Photo: The Mike Curb Family Foundation
Back in 1973, the norm was to cut three tracks during a three-hour session. "Occasionally we might do just two," says Bradley, "but what changed things from getting four songs to getting three was multitrack overdubbing. In the case of 'Behind Closed Doors', within an hour we had that record. Then we overdubbed strings, and then they rewrote that last verse, Charlie came in and we overdubbed that.
"When I first came to Nashville in '69, I'd been used to the musicians wearing earphones when they overdubbed back in Atlanta. Here, some of them would wear earphones, and toward the end most of them did, but some, like Pete Drake, never wore them. He loved that studio, and he'd say, 'When I hear the record it sounds like what I heard sitting here, with all the guys playing around me.' Still, all the overdub sessions for lead vocals, backing vocals and strings were done with a cue system, and that worked pretty well for me. I never was successful doing the out-of-phase deal, but what I found out was, if you work without earphones, you don't have the pitch problems.
"Some singers working with speakers might miss the pitch if they weren't familiar with the melody and didn't know where the next note was, but great singers like Merle Haggard, Tammy [Wynette] and George [Jones] always knew where the next note was going to be. Singing with the speaker, it was like the band was sitting there and playing in front of them, whereas I think a whole lot of psychological stuff goes on with earphones."
Meanwhile, what with the various musicians' aforementioned abilities, there was also a whole lot of subtle stuff going on with regard to fine-tuning the overall sound.
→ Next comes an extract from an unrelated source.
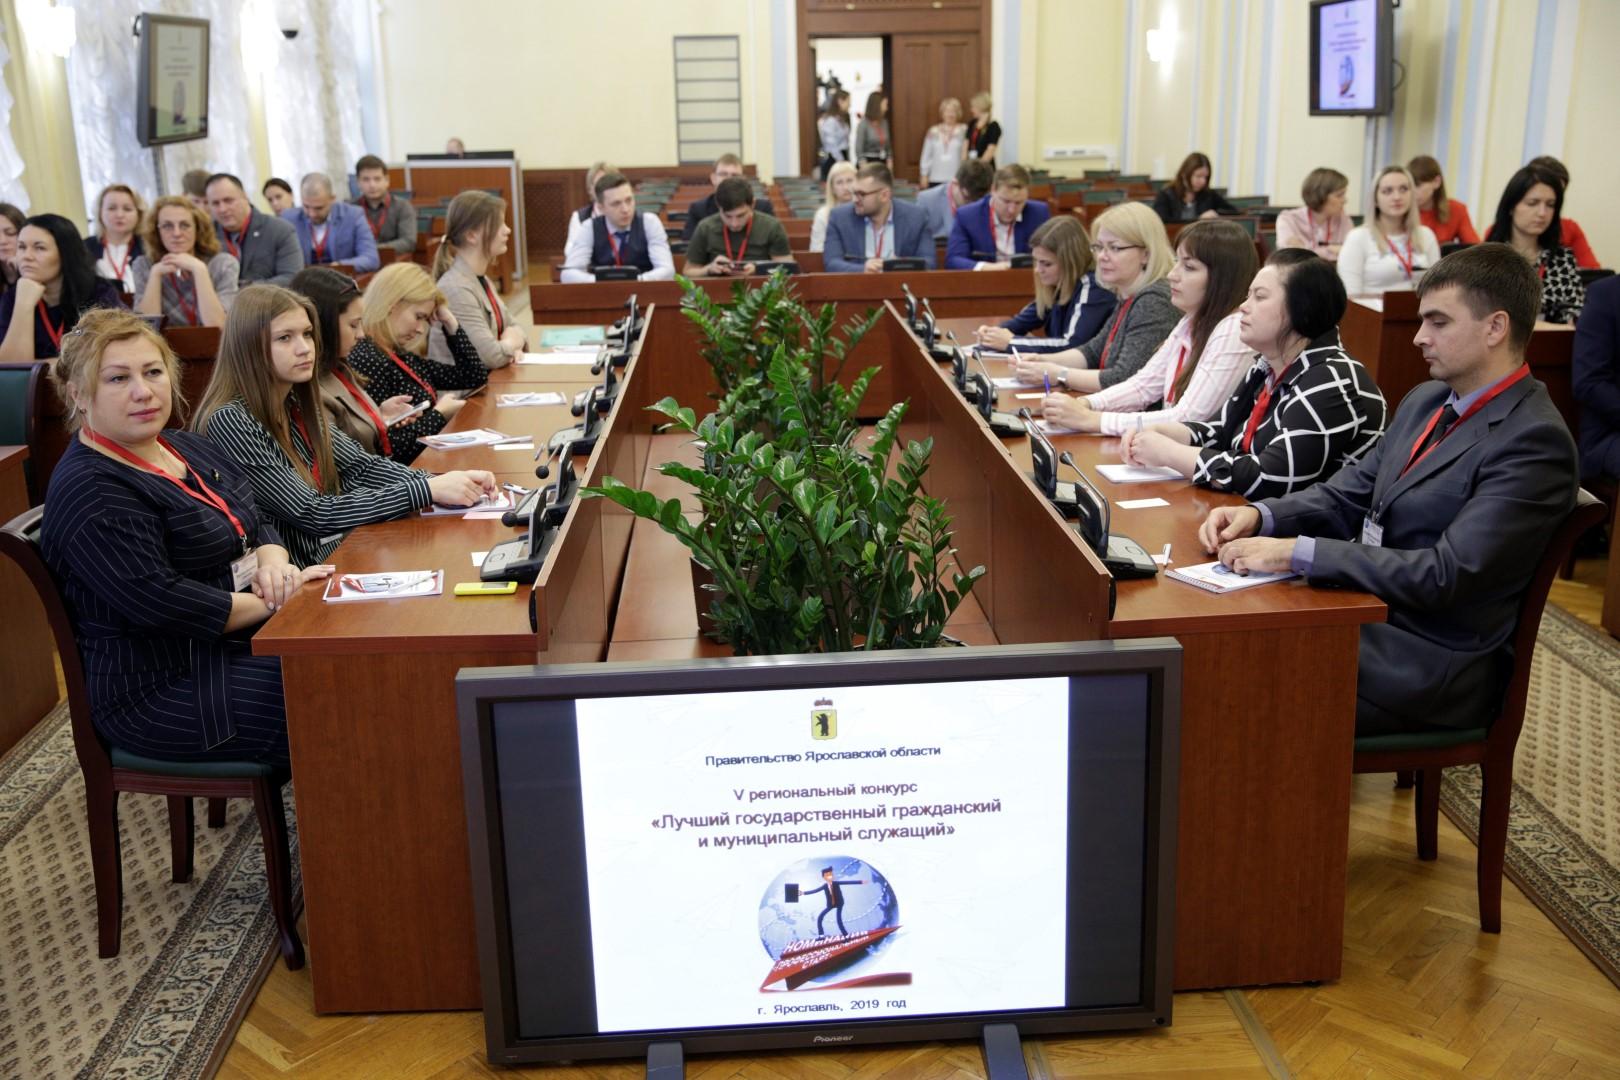 В Ярославской области определят лучших госслужащих

"When we overdubbed the Shelly Kurland Strings on 'The Most Beautiful Girl', there were eleven players," Bradley recalls, citing seven violins, two violas and two cellos. "I stereo-miked the cellos with KM84s, keeping the mics close to get some presence, and I also single-miked the violas with an 87, placed left or right according to the context of the mix, but the violins were recorded in kind of a classical way, overhead with 87s. Well, for the last part of the song Billy said, 'Shall we mic one of the violins? I want a solo violin there.' Shelly said, 'I'll handle it.' When it got to that part, he just stood up, and if you listen to the record you'll hear that one violin sings out. All he did was stand up and play instead of staying seated in his chair. It was just a natural thing."
And so, according to Bradley, was the mixing process, which took place throughout the recording process.
"You knew you were going for it," he says. "In fact, I had to change my philosophy when I came to Nashville. We'd go into the studio in Atlanta and we might work all night trying to get a feel or a groove. In Nashville, on the other hand, as soon as I started my first session I knew it would be different. I pushed the faders up and, boy, no way was this going to work. After that, what I'd do was look for something out there that I thought was good. It might be a part of whatever the drumer was doing: somebody out there would be doing something I'd like, whether it was the acoustic bass, one of the guitars, or whatever it was, and I'd push that up to where I could hear it and all of a sudden things would start coming together.
"That's what spooks a lot of the newer engineers who've never recorded in that live kind of environment. Until those musicians get it together, what with all the sound charging around the room, it's gonna sound bad. However, once they're locked in, it'll come dancing out of those speakers."